Any calculation of the current multiples therefore only shows how significant the upside is if the management turns the company in the right direction on a sustained basis. If store closures were to fall significantly at some point and SSS were to rise, then the share price would reflect the trend reversal within a very short time, in my opinion. It should be noted that 10 x EBITDA is potentially a rather low multiple for a franchise model.
Regis remains a bet. A bet that store closures and SSS decline are only temporary problems. The odds of this are significantly higher than before the refinancing as the company has been given the financial room to make changes and improvements to the business model.
Conclusion
I remain invested in Regis. The management has acted along a common thread so far, which I can still see now. The potential to transform the Regis brands into successful and competitive franchises is there in my view, but this should not marginalize the current problems.

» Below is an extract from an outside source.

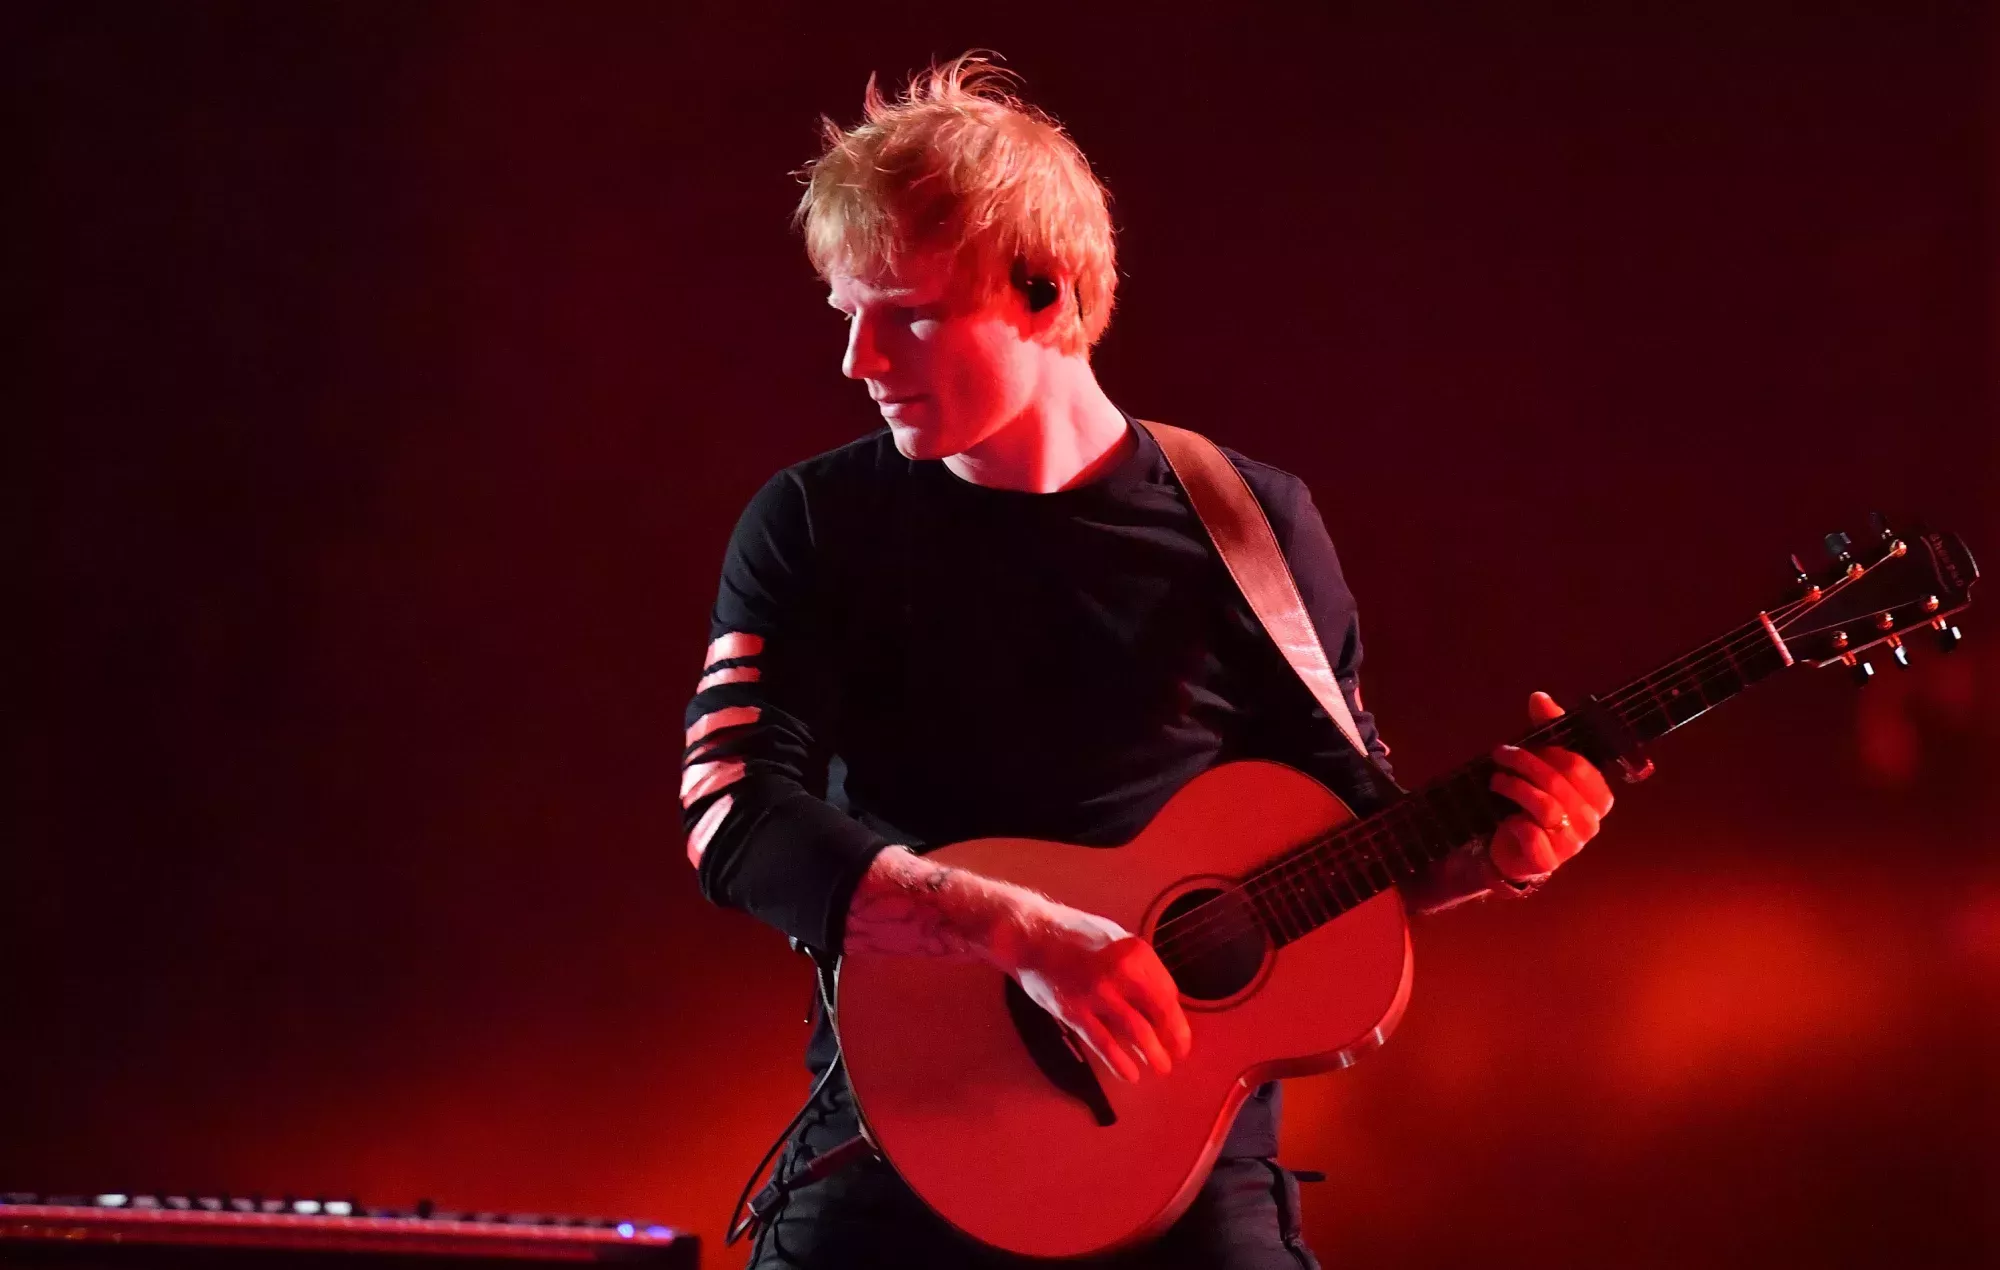 Ed Sheeran ya tiene preparado otro nuevo disco, revela su representante

I think you need more staying power with the stock than many would like, which is reflected in the volatility. As many are sitting on high profits and the share price does not reflect what I feel are sometimes irrational assumptions, we will have to get used to it for the time being.
However, I also see some potential for positive surprises until the next figures. For the first time since Matthew Doctor has been CEO, the management can buy shares themselves, as they are no longer in a blackout period. Considering the nice cash injection of half a million that he has just deservedly received from the company, I don't see this as unlikely. Nevertheless, I believe that we need to think in terms of 1-2 years rather than quarters.